Posted on May 30, 2014 I Written By

John Lynn is the Founder of the HealthcareScene.com blog network which currently consists of 10 blogs containing over 8000 articles with John having written over 4000 of the articles himself. These EMR and Healthcare IT related articles have been viewed over 16 million times. John also manages Healthcare IT Central and Healthcare IT Today, the leading career Health IT job board and blog. John is co-founder of InfluentialNetworks.com and Physia.com. John is highly involved in social media, and in addition to his blogs can also be found on Twitter: @techguy and @ehrandhit and LinkedIn.

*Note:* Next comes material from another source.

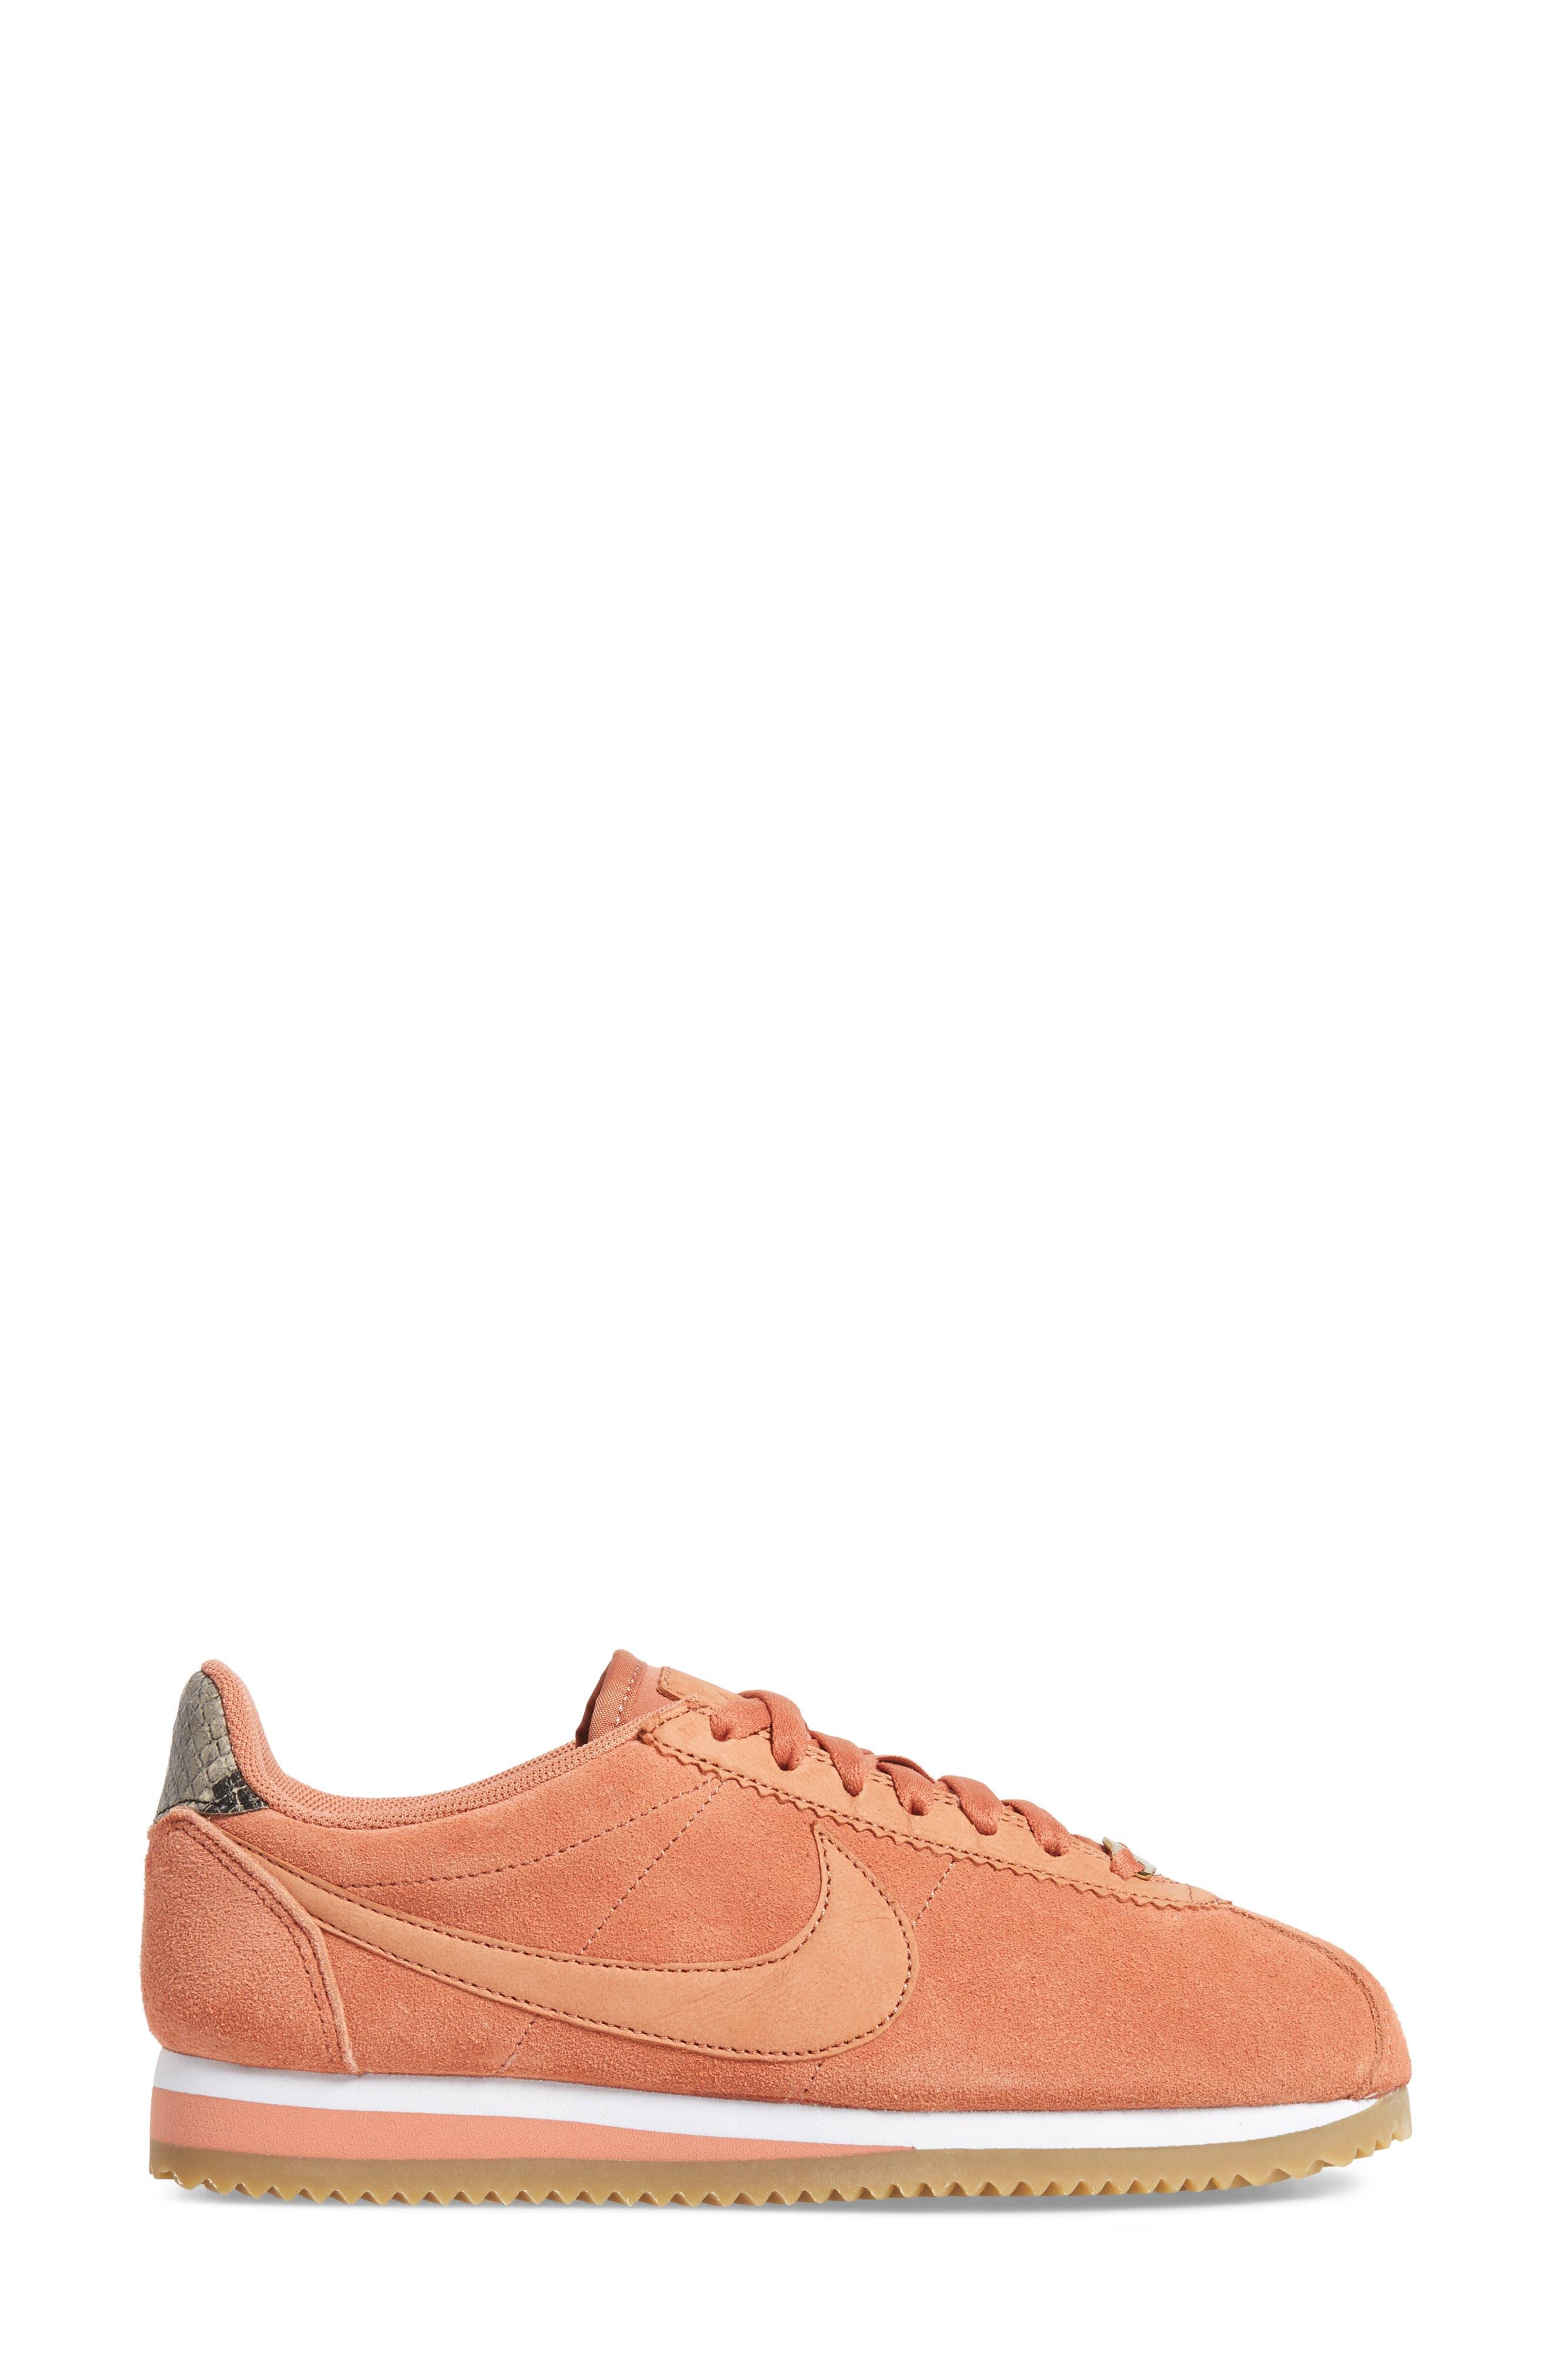 x A.L.C. Classic Cortez Sneaker,                             Alternate thumbnail 14, color,

I’m sure that many of you have enjoyed the writings of Mandi Bishop (maybe more famously known as @mandibpro on Twitter). I feel lucky to have her amazing insights on this blog. I’m also really excited for Mandi, because her and her team are competing in the Code-A-Palooza competition that’s part of the Health Datapalooza events in Washington DC. You know that Mandi’s a true data geek when she compares her participation in the event like the Oscars where “it’s an honor to have been nominated.”

What’s most important is that Mandi and her team (Lauren Still and Nick Kypreos) need your help and support. They’ve created a MedStartr crowdfunding campaign where you can get access to their work and support their efforts. Obviously, it’s not cheap for an independent team like them to compete in the challenge.

They have to be specifically vague in what they’re doing per the Code-A-Palooza rules, but here’s the description of the project they’re working on:

There is no simple solution to find out whether Medicare coverage is available and accepted for YOUR specific healthcare needs wherever and whenever you wish to go. Team ForiDUH is designing a product to make healthcare as accessible as GPS. We need your help to get to Washington, DC and win the Health Data Consortium’s Code-A-Palooza! [all donations are tax deductible!]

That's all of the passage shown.